Add vector: call index.add(vectors) The system automatically performs rotation, calibration, and quantization after the data is imported in batches.
Perform search: call index.search(query, k=10) Get the Top-K similarity score and index.
Persistent storage:use index.write("my_index.tv") Save the index, via TurboQuantIndex.load recover.
External ID Management: Change IdMapIndex accomplish add_with_ids And O(1) are deleted.
Hybrid SearchFirst, use SQL/BM25 or similar systems to filter candidate IDs, then pass them in. allowlist Perform a dense, finely processed procedure.

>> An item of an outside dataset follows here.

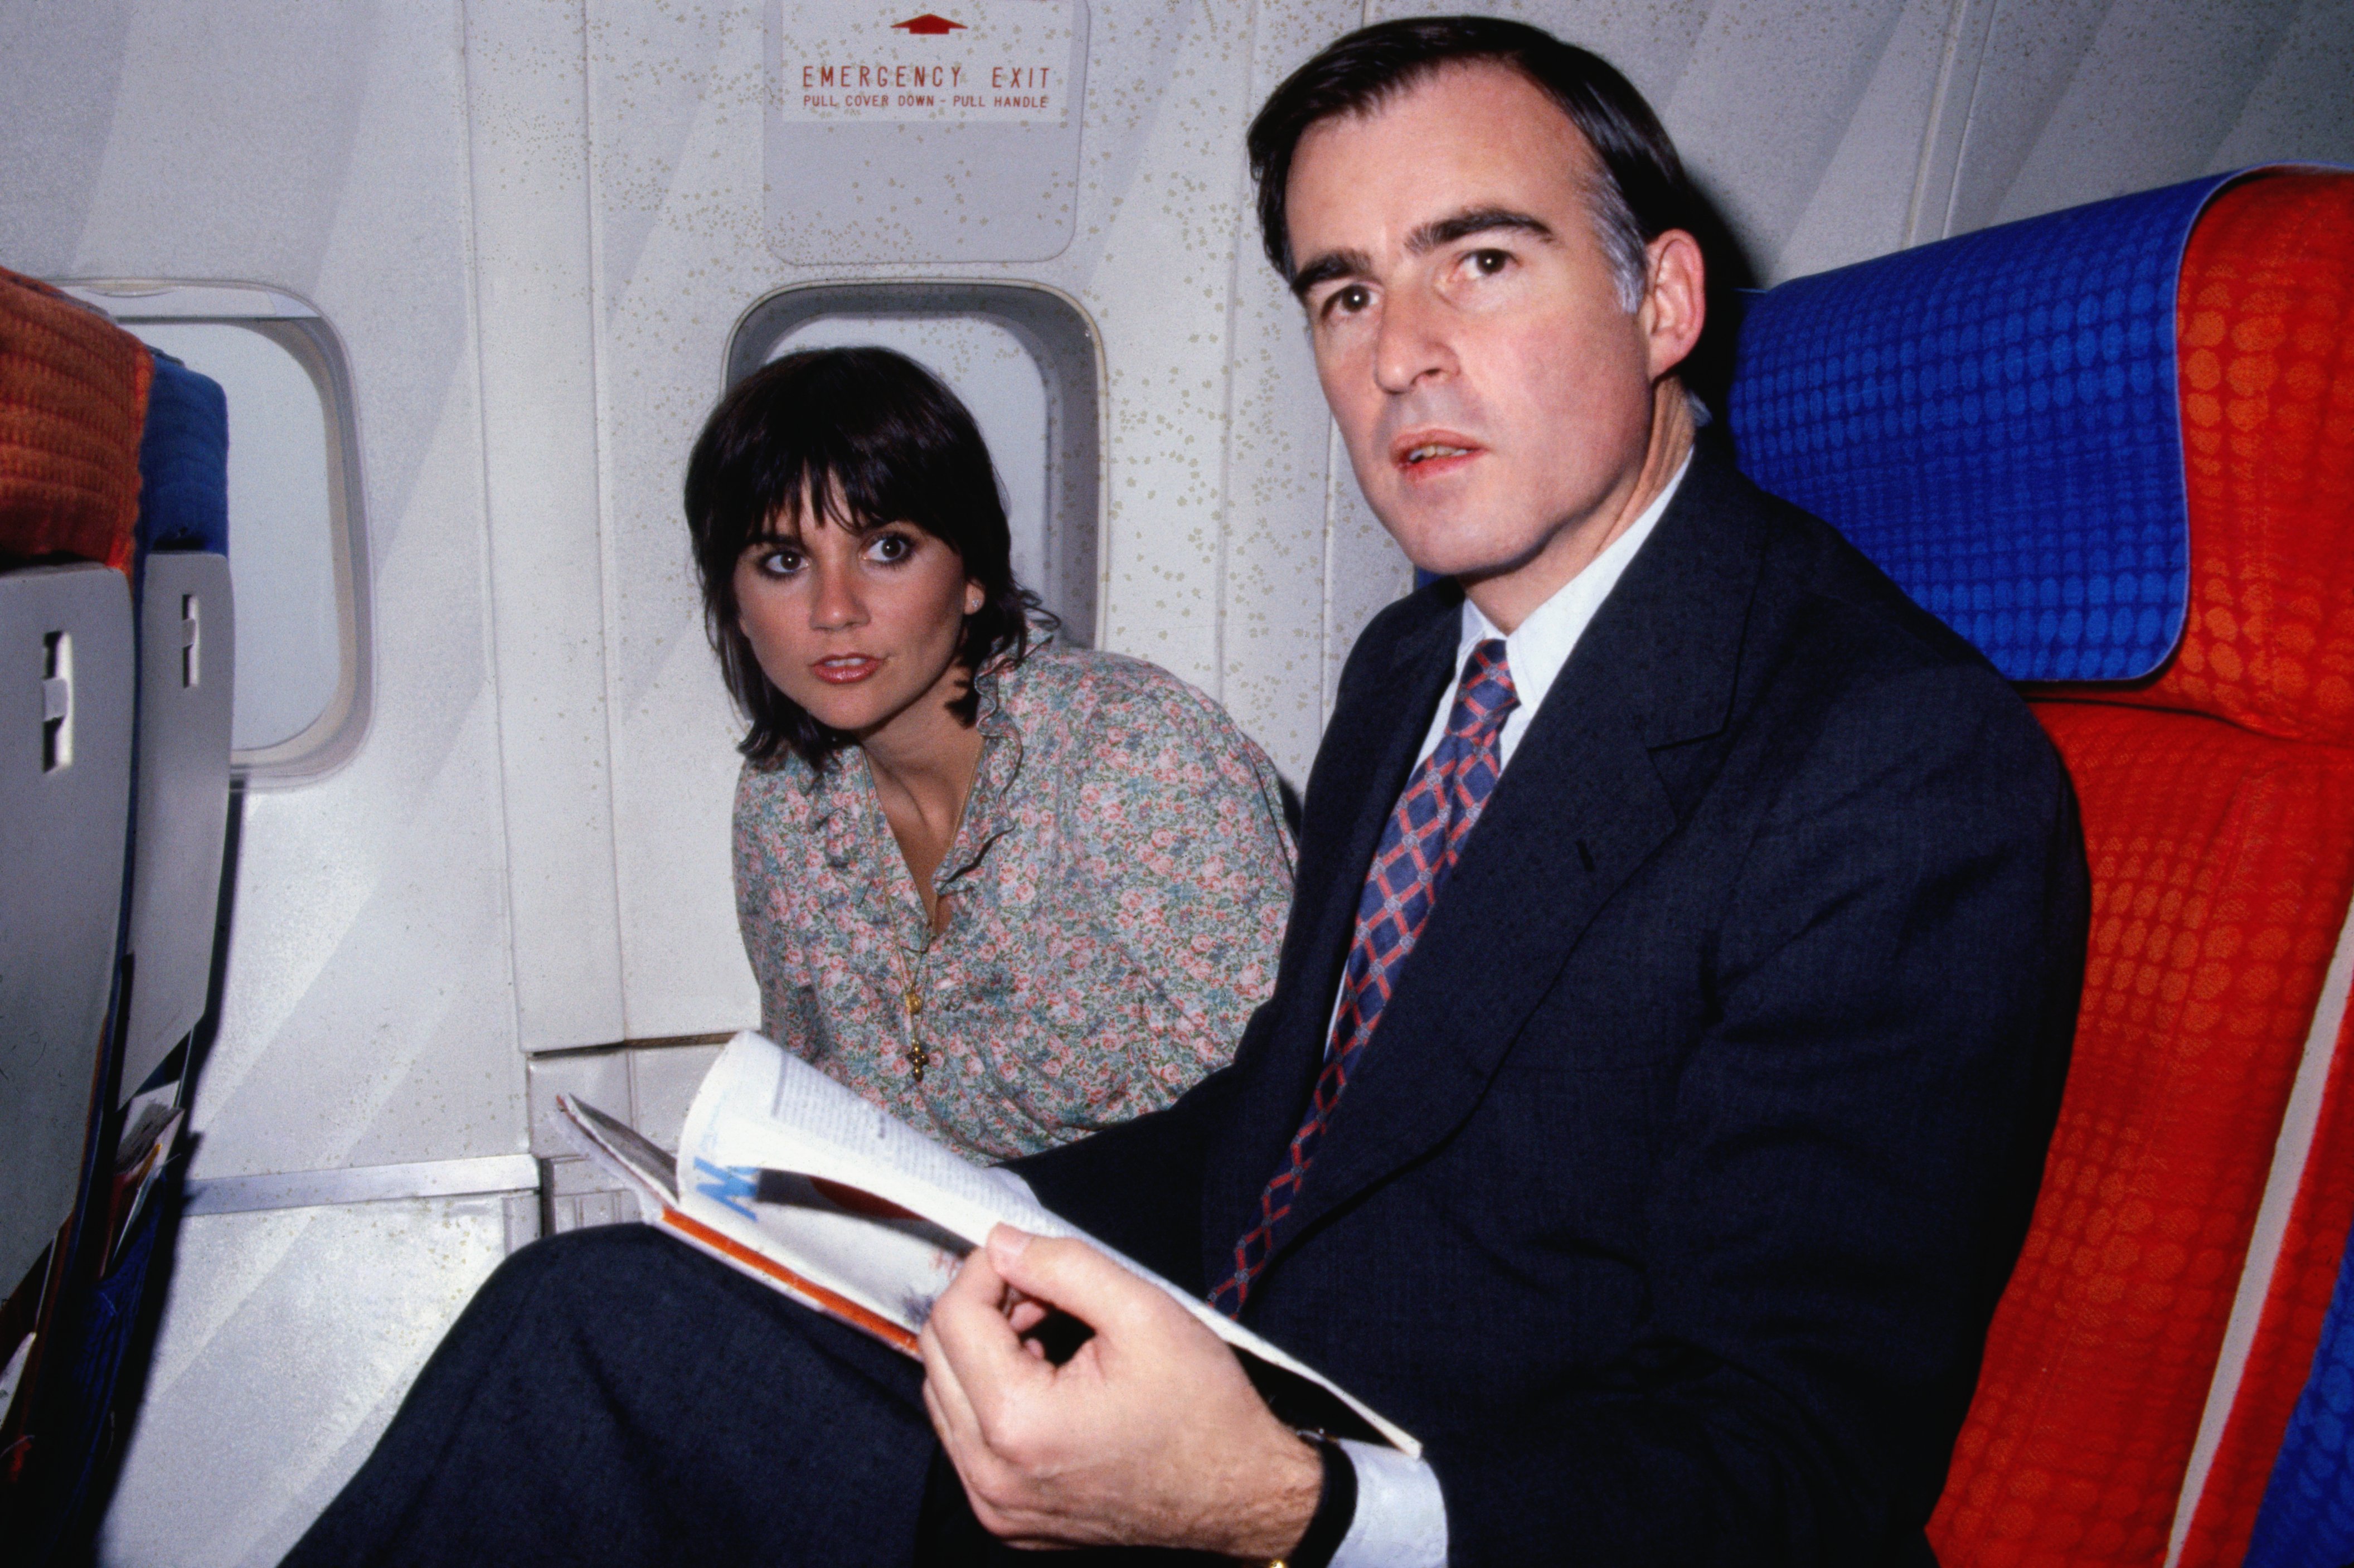 Linda Ronstadt and Jerry Brown on their way to Kenya for a safari trip on April 9, 1979 |  Source: Getty Images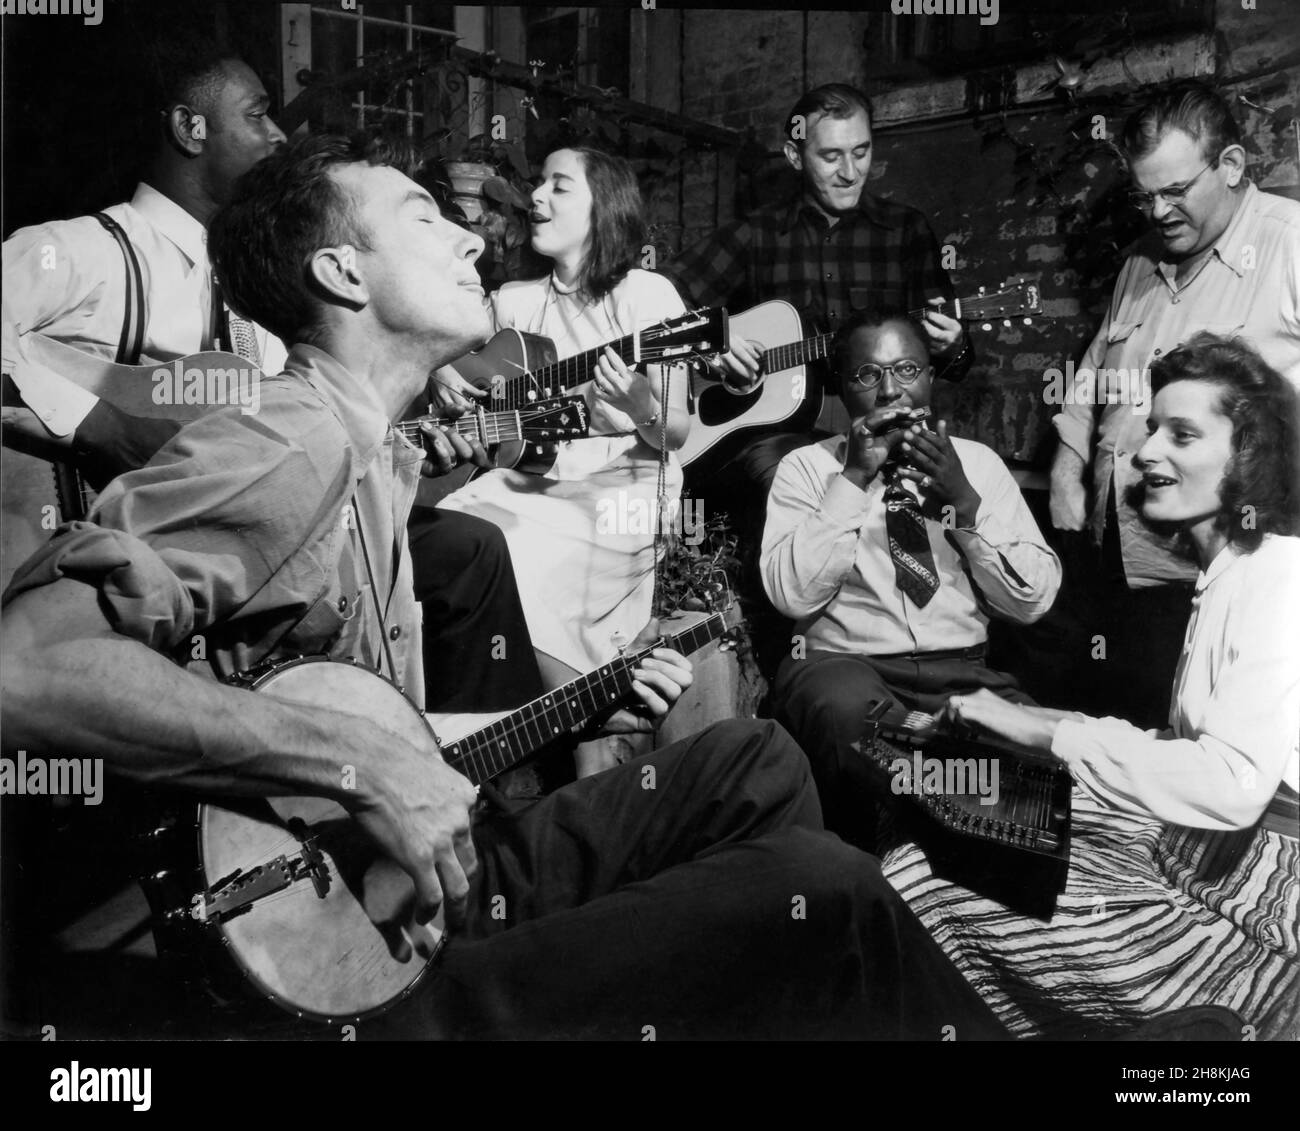 Pete Seeger playing banjo along with other musicians circa 1950s. Stock Photo

TurboVec's project address

Project official websitehttps://pypi.org/project/turbovec/
GitHub repositoryhttps://github.com/RyanCodrai/turbovec

Comparison of turbovec with similar competing products

Dimension	turbovec	FAISS (IndexPQFastScan)
Quantitative training	No training required, online intake	Requires k-means training codebook
Compression ratio	16x (2-bit) / 8x (4-bit)	Similarly, it depends on the quality of training.
ARM search speed	10–19% faster than FastScan	benchmark
x86 search speed	4-bit wins, 2-bit is close.	Benchmark, 2-bit VBMI has advantages
Filtering during search	SIMD kernel short circuit, zero recall loss	Calculate first, then filter; this leads to over-scraping.
Deployment Form	Pure native embedded library	Pure native embedded library
Framework integration	Official support for 4 frameworks including LangChain	Extensive community support
Low-dimensional recall	TQ+ is on par with or ahead after calibration.	benchmark

Application scenarios of turbovec

Memory-sensitive RAGFor small and medium-sized teams or local deployments, it is necessary to index tens of millions of documents in limited memory, and compress 10 million vectors from 31GB to 4GB.
Low-latency online servicesOnline RAG, recommendation, or search systems with stringent latency requirements for vector retrieval rely on SIMD for acceleration.
Privacy-first architectureData cannot be uploaded to third parties or to government, enterprise, or financial settings outside the country; it operates purely locally without hosting services.
Edge and mobileARM is well optimized for running vector retrieval on mobile phones, IoT devices or embedded hardware.
Hybrid retrieval systemFirst, use SQL/BM25/permission system to coarsely filter candidate IDs, then pass them in. allowlist Perform dense vector sorting.